We harvest linked open data through SPARQL endpoints using queries based on the VIVO ontology. If you would like to participate, contact me with details on how to access your SPARQL endpoint.


The CTSA federated search is a project of several servers being simultaneously searched and aggregated.

Information about the search from another site can be found at UIOWA.edu.

The page with a University of Florida theme.

 

Installation ReadMe

The CTSAFederated search is a search ideally performed across several many servers simultaneously.

The "aggregatedsearch.php" pulls and displays the XML from the associated search sites.
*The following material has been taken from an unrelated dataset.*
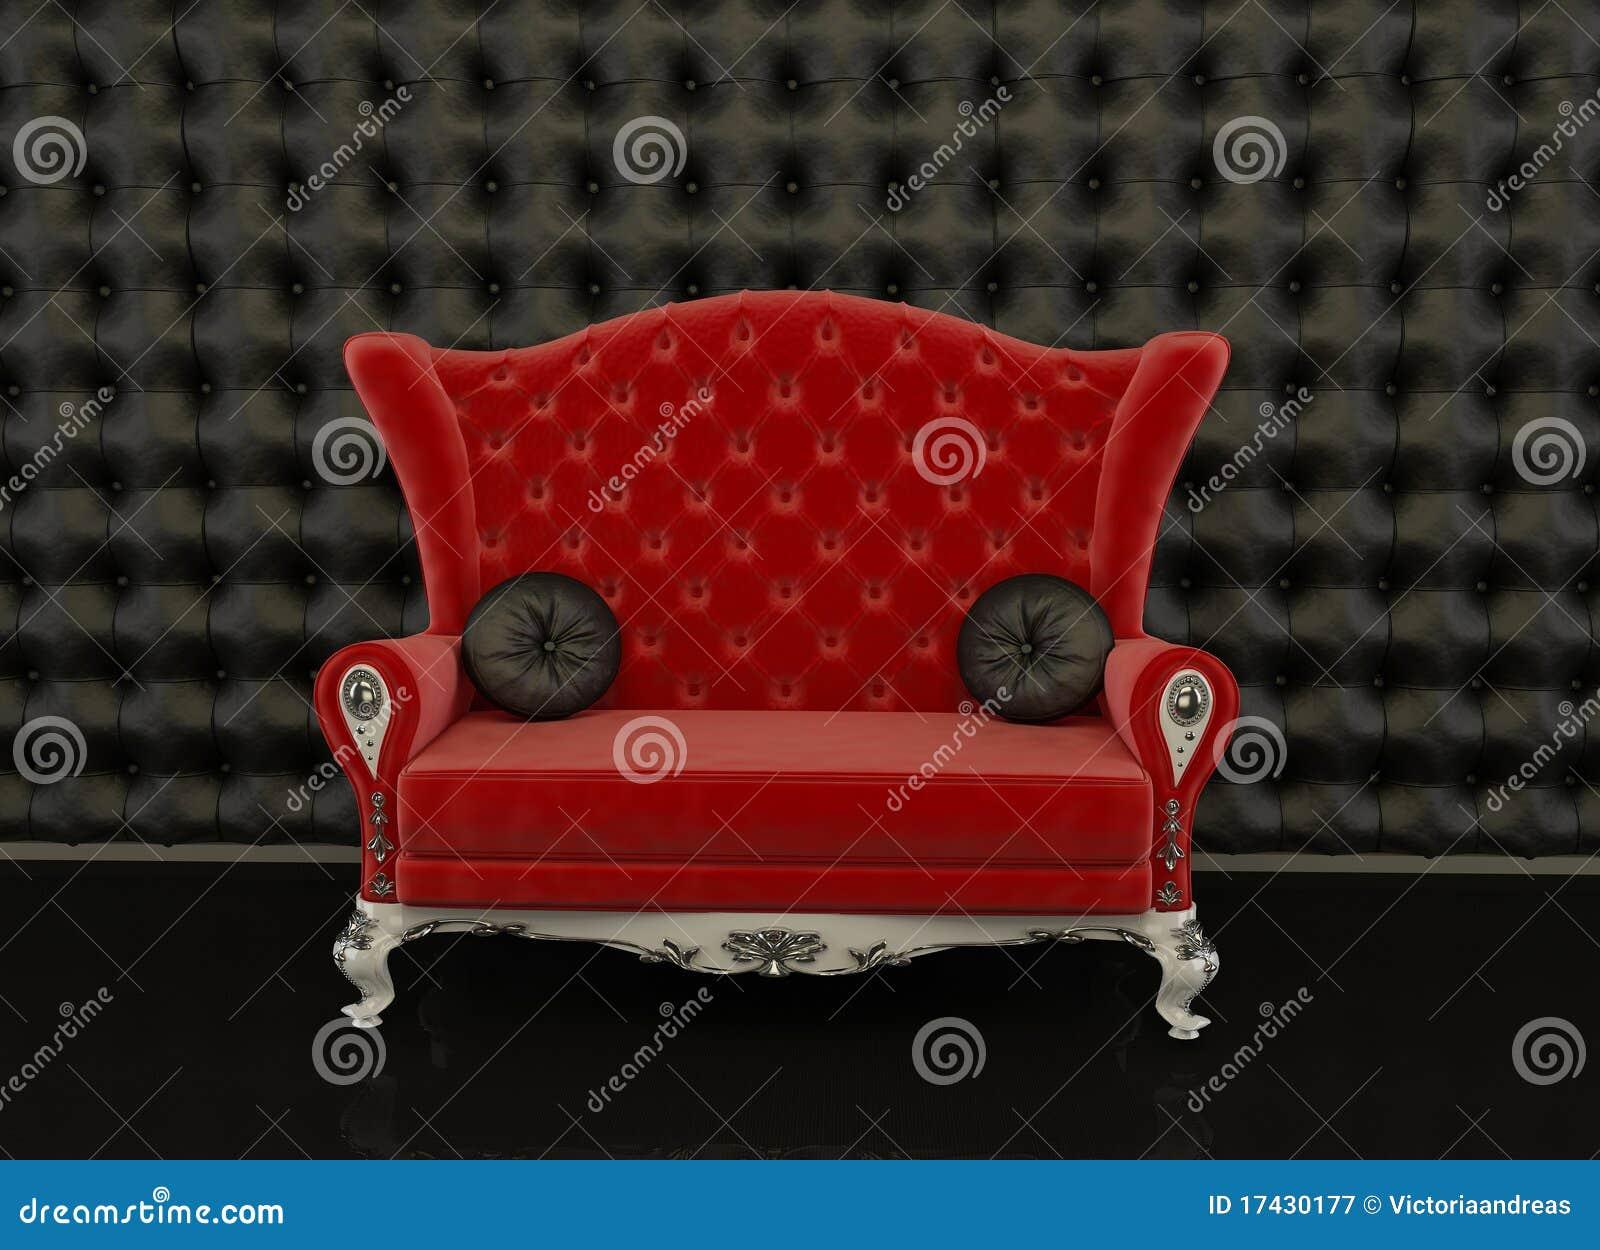 Red Sofa On A Black Background Stock Illustration Image

The "fs.php" code is designed to navigate the DOM of the VIVO search site and get the required data and provide it in the prescribed XML.
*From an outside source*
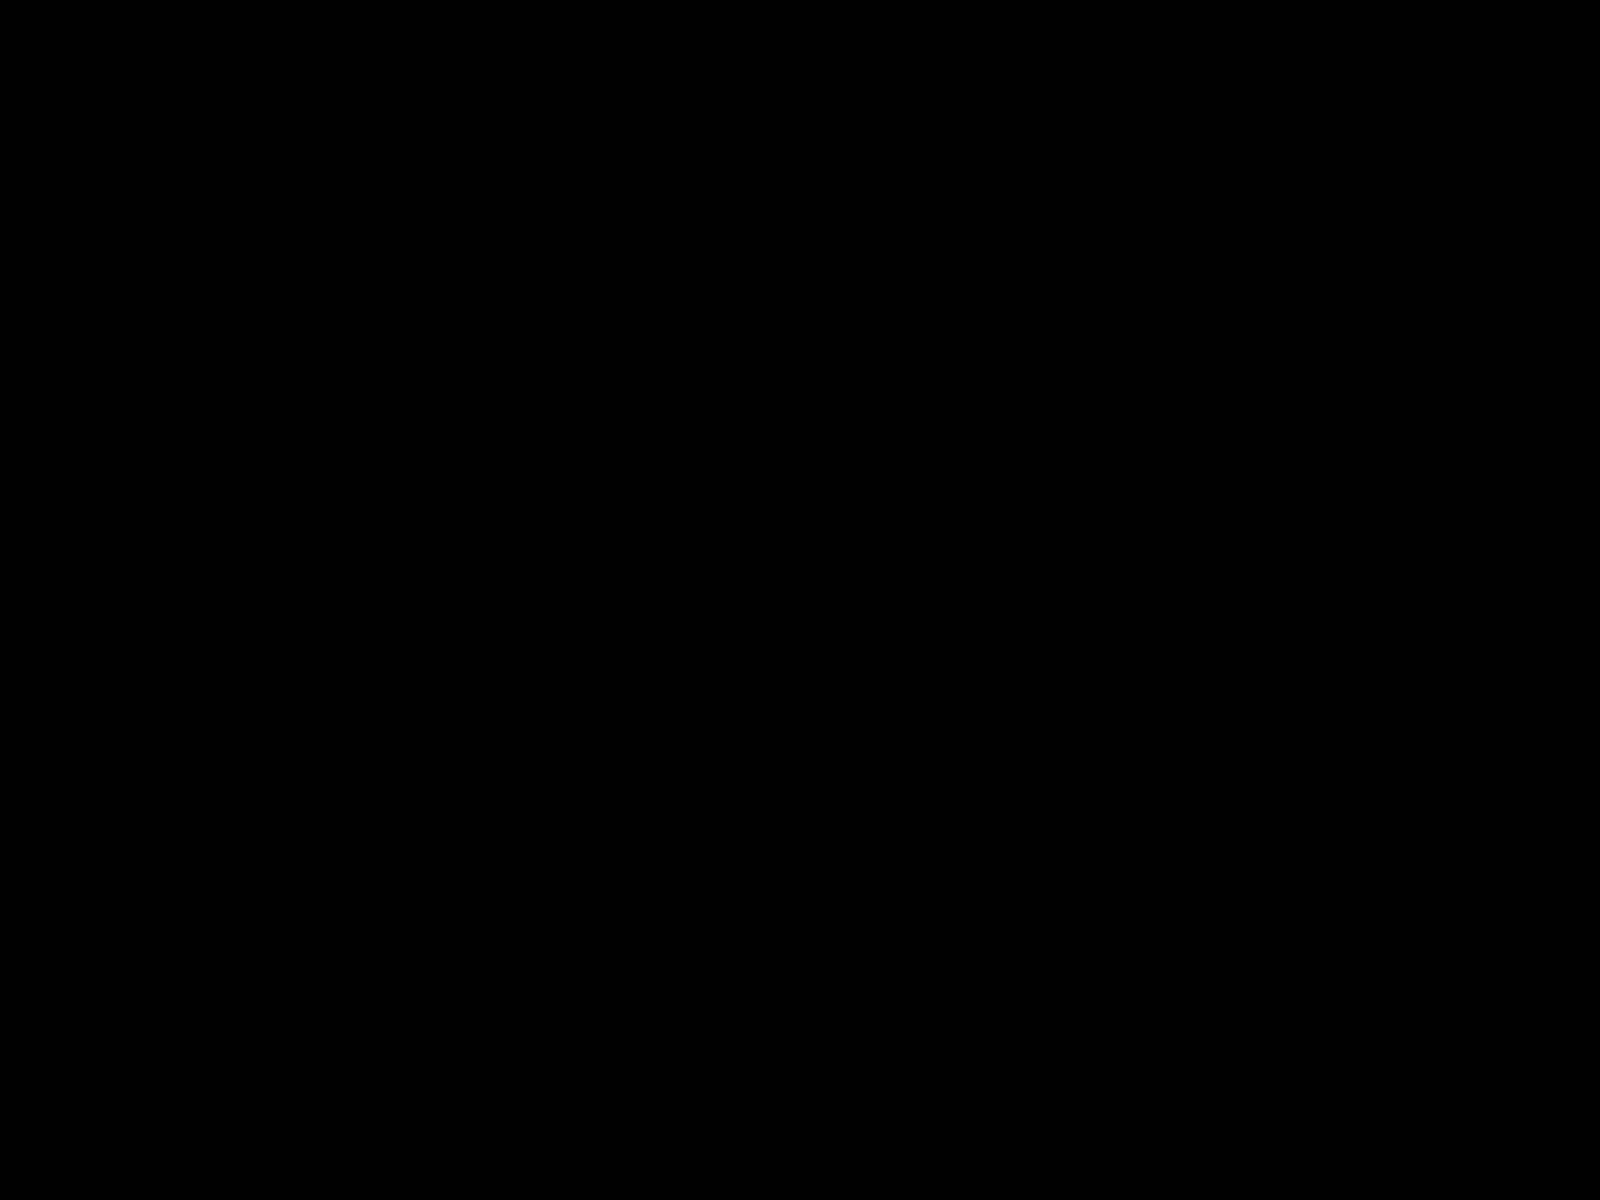 matlab code svm image classification yu0J30

For this script to work all the parts are expected to be in the same directory.
the parts:
   ??_fs.php              // ?? is the abbreviation of the instituion
   at least one of (aggregatedsearch.php,aggregatedsearchVer2.php,aggsearch.php)
   fsearchsites.xml       //altered to point to each remote sites' ??_fs.php
   simple_html_dom.php    //library used to do the html DOM parsing.

The "??_fs.php" replaces the "fs.xml" with "??_fs.php?return=desc"

Variables that should be changed.

In ??_fs.php:
   variables $school ,$name, and $icon are the school identifiers
   variables $popdesc is the description of the population

In aggregatedsearch.php: (Ver2 is set to use the Icons in preference to the IFRAMES.)
   variable $VivoHeader = Wrapper page HTML before results
   variable $VivoFooter = Wrapper page HTML after results
   variable $siteList   = Location of fsearchsites.xml
    
aggsearch.php is geared towards being able to get its own wrapper.
Remember that any root reference (href="/blah.blah/stuff") will only work if they are on the same web server.
In aggsearch.php:
   variable $wrapper  = the HTML from the the page with the wrapper
   variable $content  = div to place the results into ('#contents' is id='contents' , '.contents' is class='contents')
   variable $siteList = location of fsearchsites.xml


The aggregatedsearch.php uses fsearchsites.xml to get the location of the "??_fs.php" or the "fs.xml" file.
The folder "fs" has the current fs.xml files as seen from another box.
The versions of the fs.xml with the php files are set to work from "localhost".
the ??_fs.php file finds itself and returns the description.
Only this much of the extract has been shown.